Dinosaurs are a large yet very specific group of creatures. To qualify, an animal has to satisfy a number of criteria:
0 It must have lived during the Mesozoic era (see page 10).
0 It must be a reptile, although not all reptiles are dinosaurs. For example, lizards are reptiles, but they are not dinosaurs.
0 Its legs must be located below its body, giving it an erect stance, as opposed to sticking out from the sides, like those of a crocodile.
0 It must have lived on land, not in the air like pterosaurs, or in the water like swimming reptiles.
Remember that not all of the dinosaurs were alive at the same time. Different species appeared and disappeared during the reign of the dinosaurs. For example, Tyrannosaurus rex (see page 140) never saw an Allosaurus or a Stegosaurus (see pages 24 and 128).
The history of the earth is divided into different times, or 'eras', each with its own name. The time when the dinosaurs were alive is called the Mesozoic era. The Mesozoic is divided into three periods, called the Triassic, Jurassic and Cretaceous.
The Triassic period lasted from 245 million years ago (mya) to 208 mya, the Jurassic from 208 mya to 145 mya, and the Cretaceous from 145 mya to the end of the dinosaurs (65 mya).
The world inhabited by the dinosaurs looked vastly different from the one we know today. The countries we recognize now did not exist millions of years ago. The world is constantly changing: it always has and always will do.

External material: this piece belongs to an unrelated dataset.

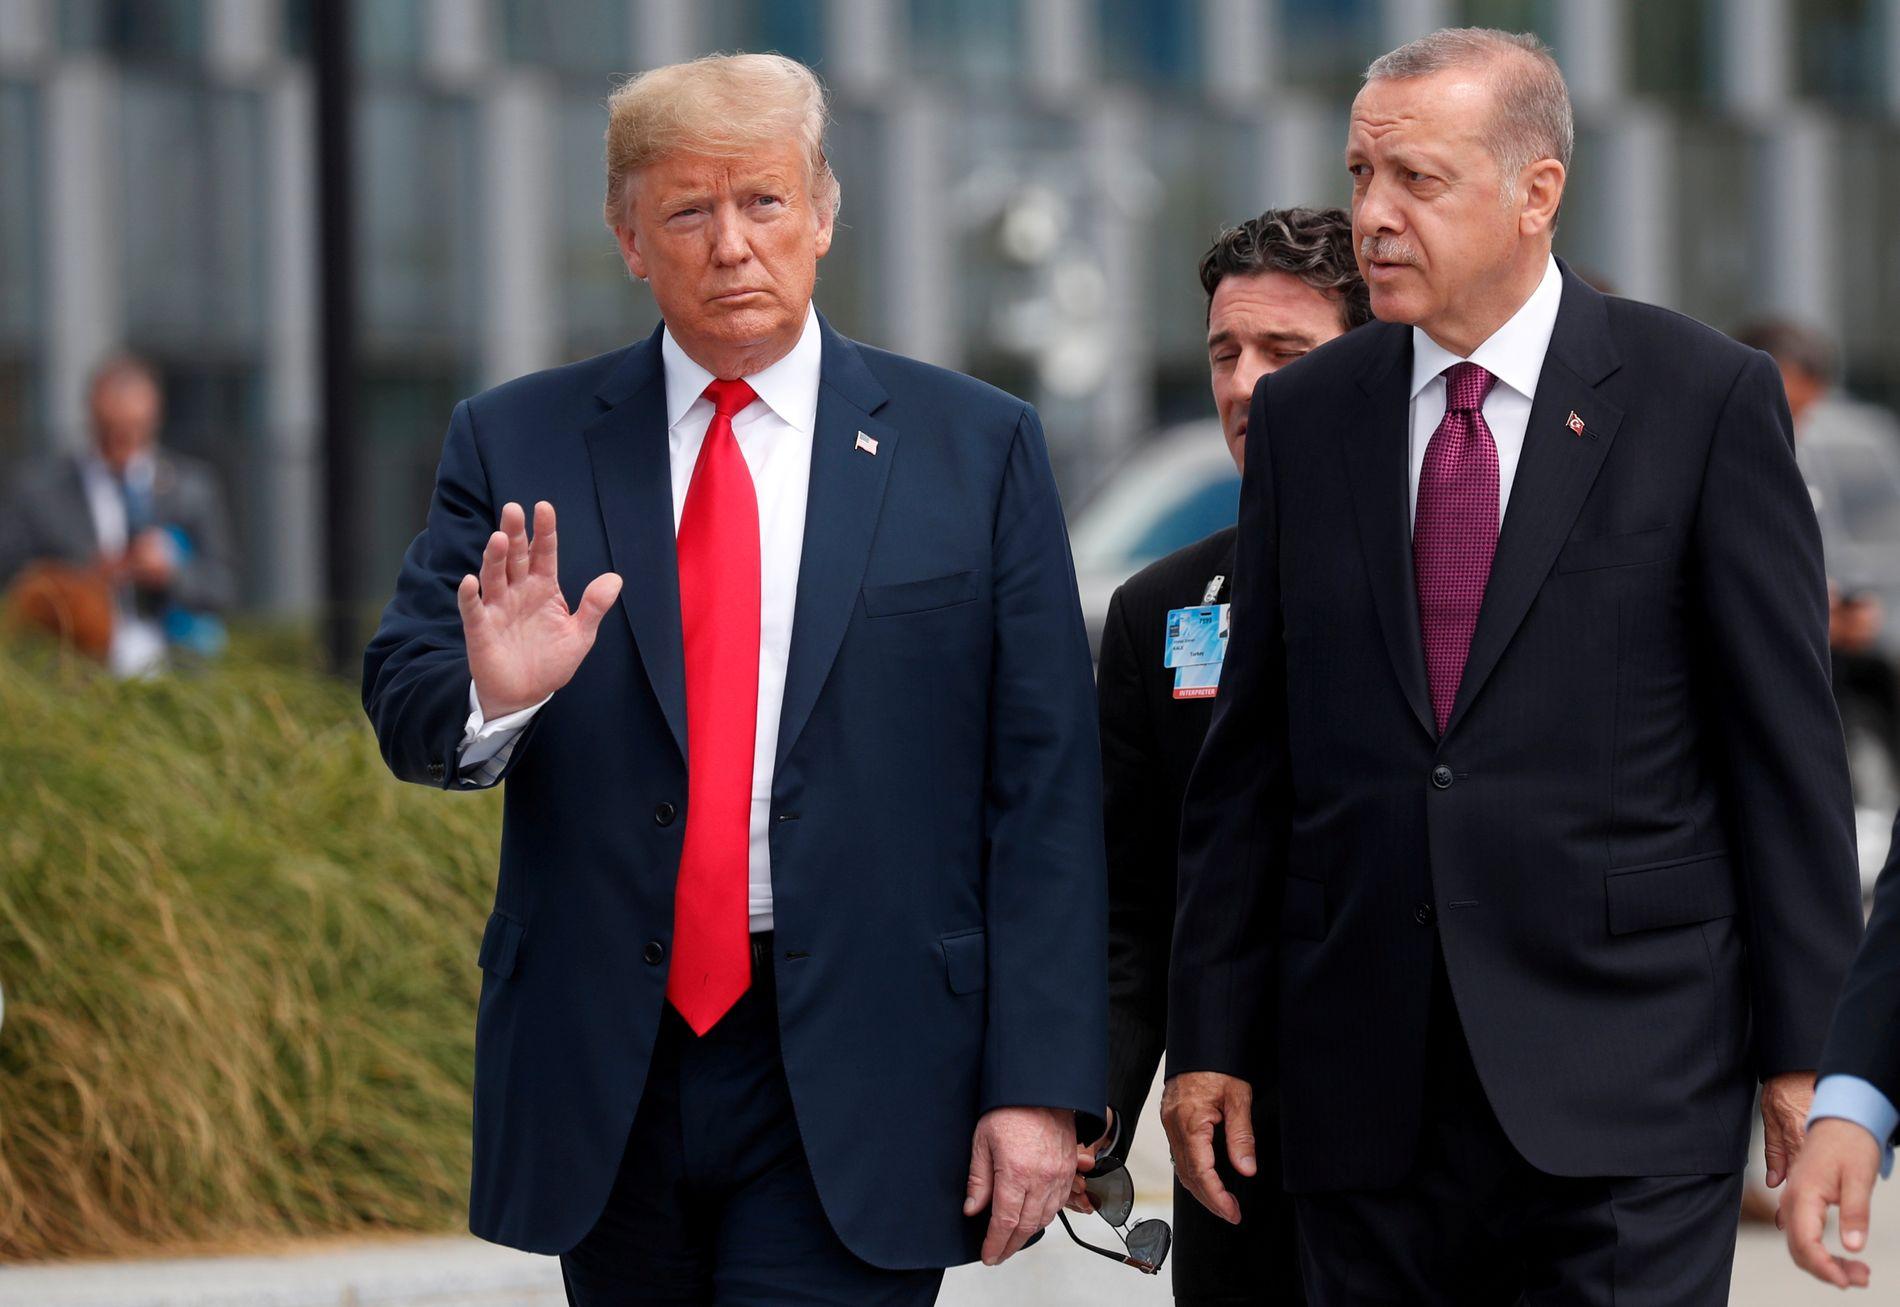 NEGATIV UTVIKLING: – Spesielt illevarslende med de senere årenes demokratiske endringer, er at tilbakegang har kommet i store land som Brasil, India, Tyrkia og USA, skriver kronikkforfatteren.

The land moves slowly but surely and, over time, this movement can make mountain ranges appear or whole continents vanish.
During the Triassic period, all of the world's continents were joined together in one huge landmass which palaeontologists call Pangea. As time progressed, this block began to split so, by the Jurassic period, there were two massive continents called Laurasia and Gondwana. These in turn started to break up and, by the time of the Cretaceous period, the continents looked much like they do today.